> EXERCISE DETAILS
Print nothing except the lines of the listing below from the line with "Salton BL-1051 manual" to the line with "Disney heroine pattern", each exactly as written, both ends included.

> RECORD EXCERPTS
***

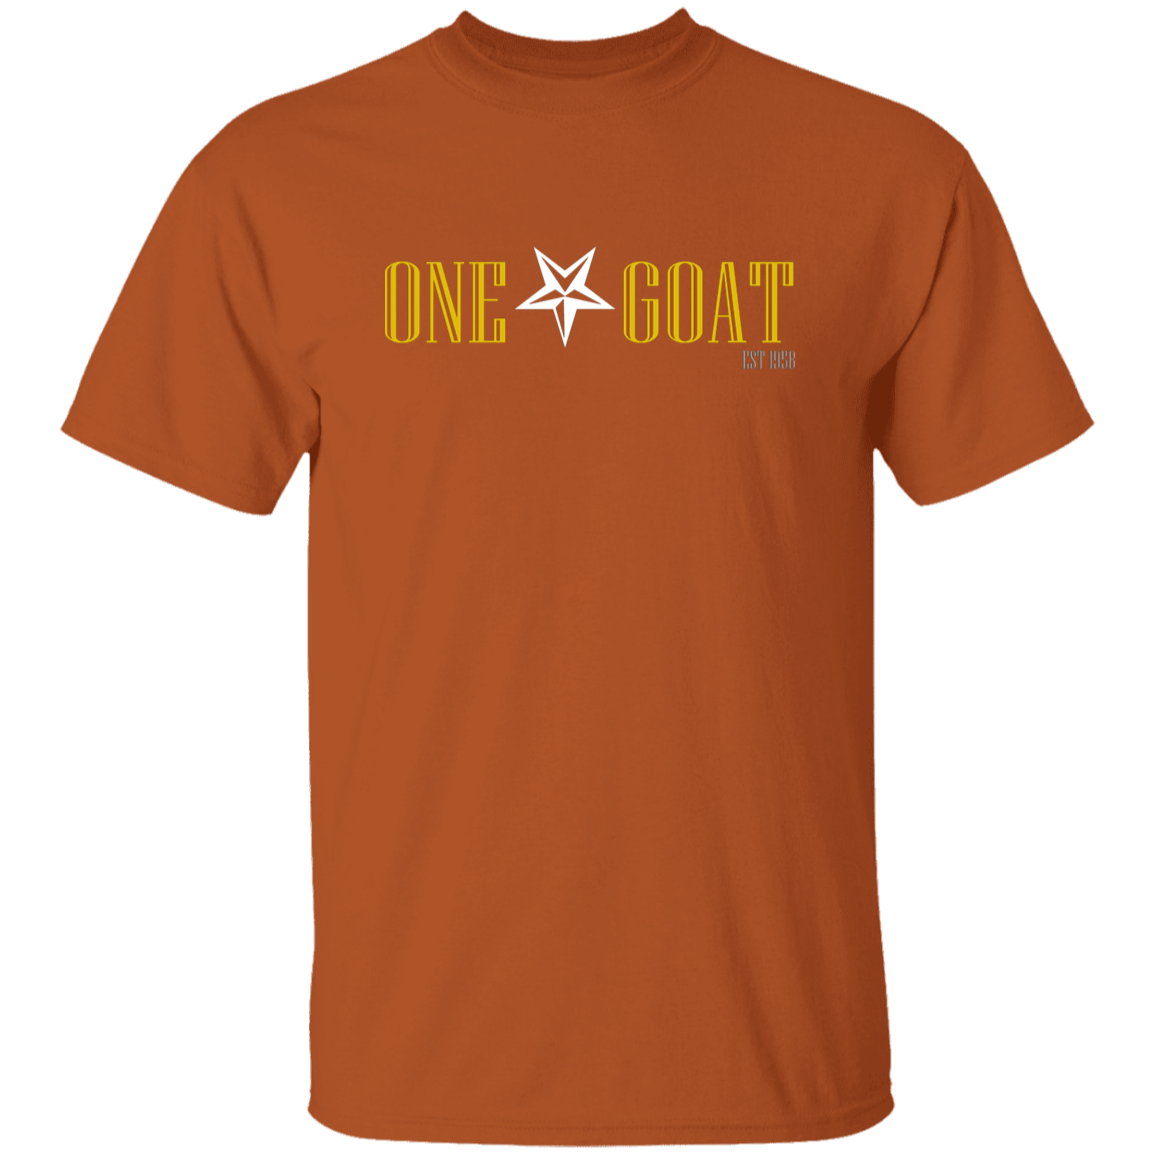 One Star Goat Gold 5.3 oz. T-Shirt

***

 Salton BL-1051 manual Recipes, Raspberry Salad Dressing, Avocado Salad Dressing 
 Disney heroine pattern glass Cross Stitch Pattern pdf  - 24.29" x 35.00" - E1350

***

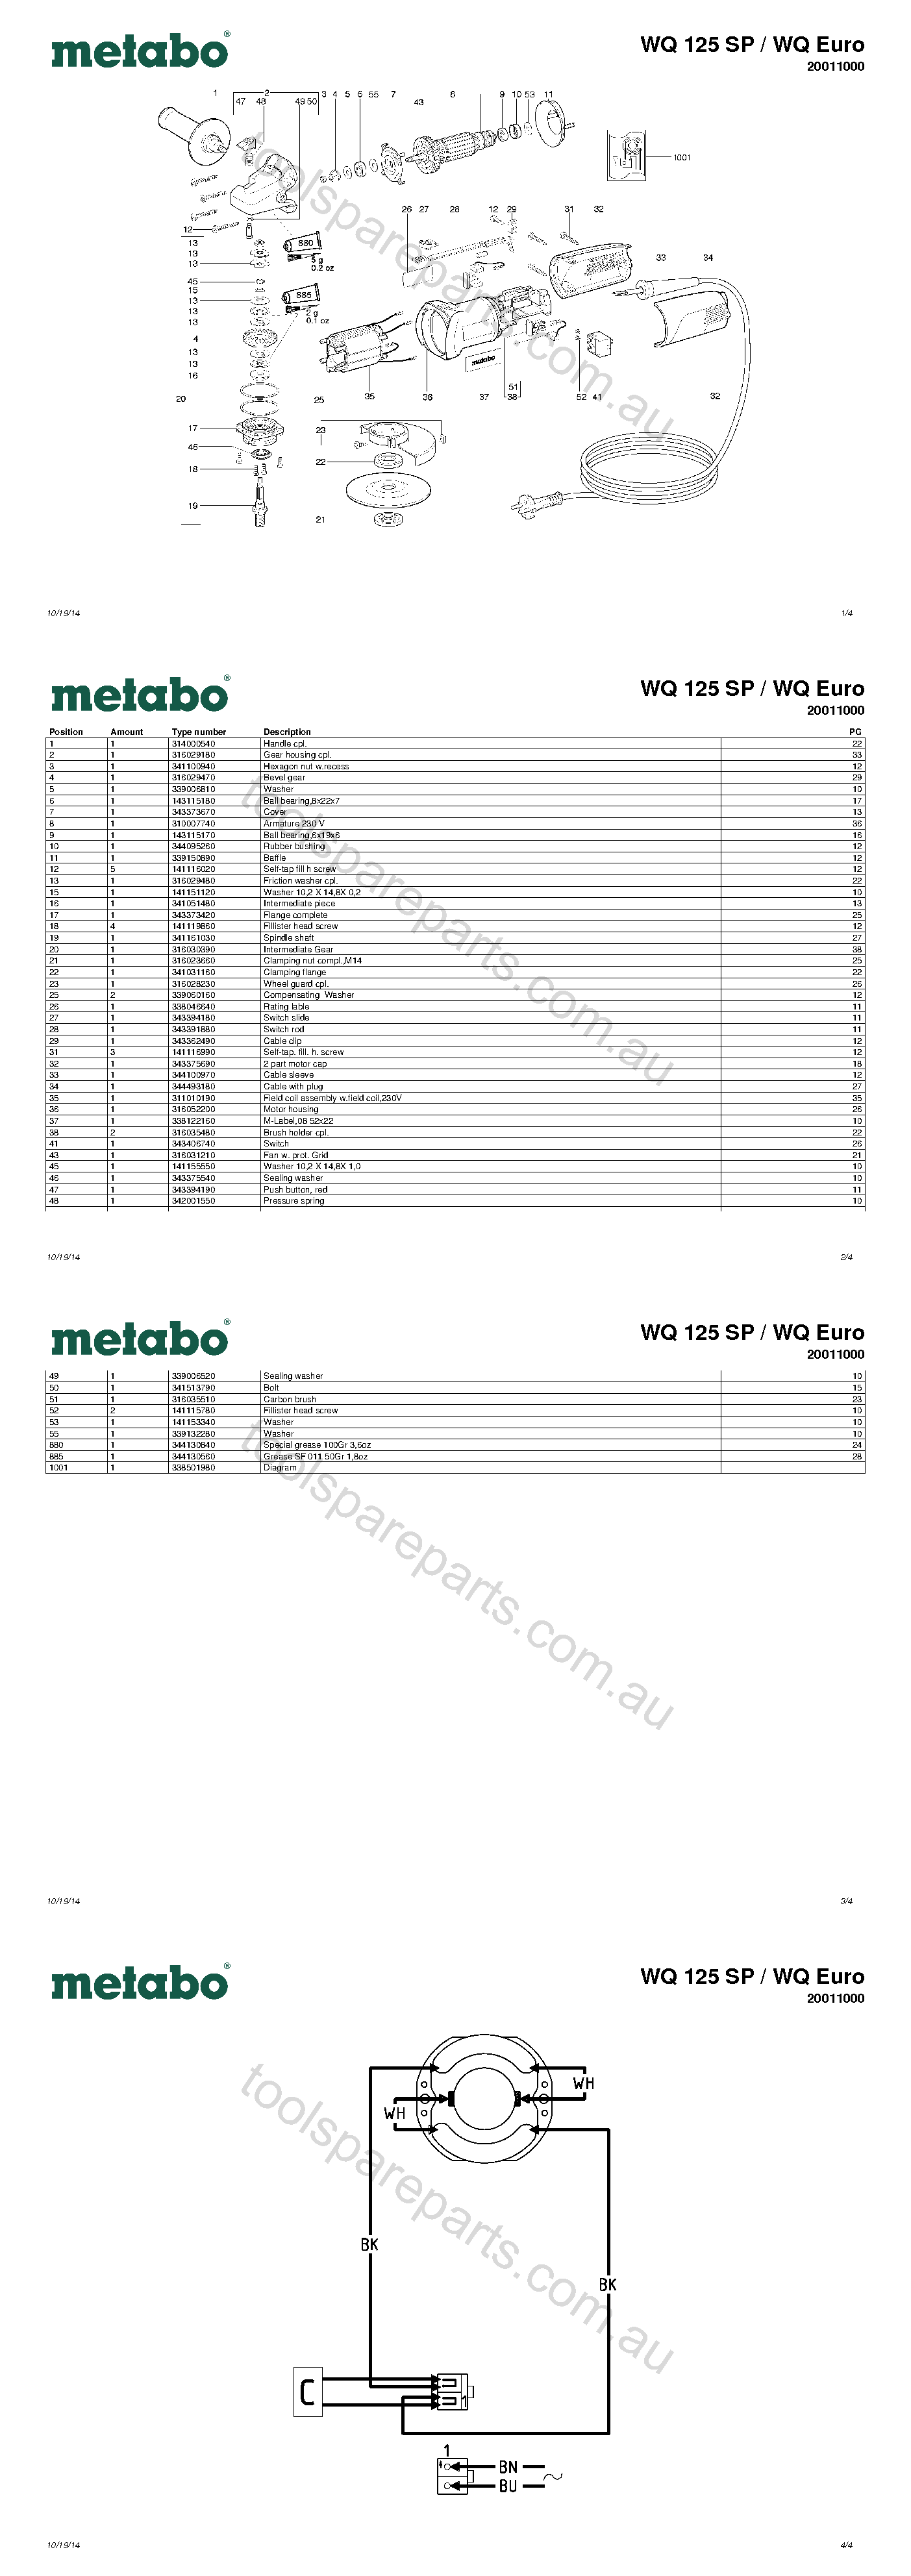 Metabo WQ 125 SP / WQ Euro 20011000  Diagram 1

***

> WRITTEN SOLUTION
 Salton BL-1051 manual Recipes, Raspberry Salad Dressing, Avocado Salad Dressing 
 Disney heroine pattern glass Cross Stitch Pattern pdf  - 24.29" x 35.00" - E1350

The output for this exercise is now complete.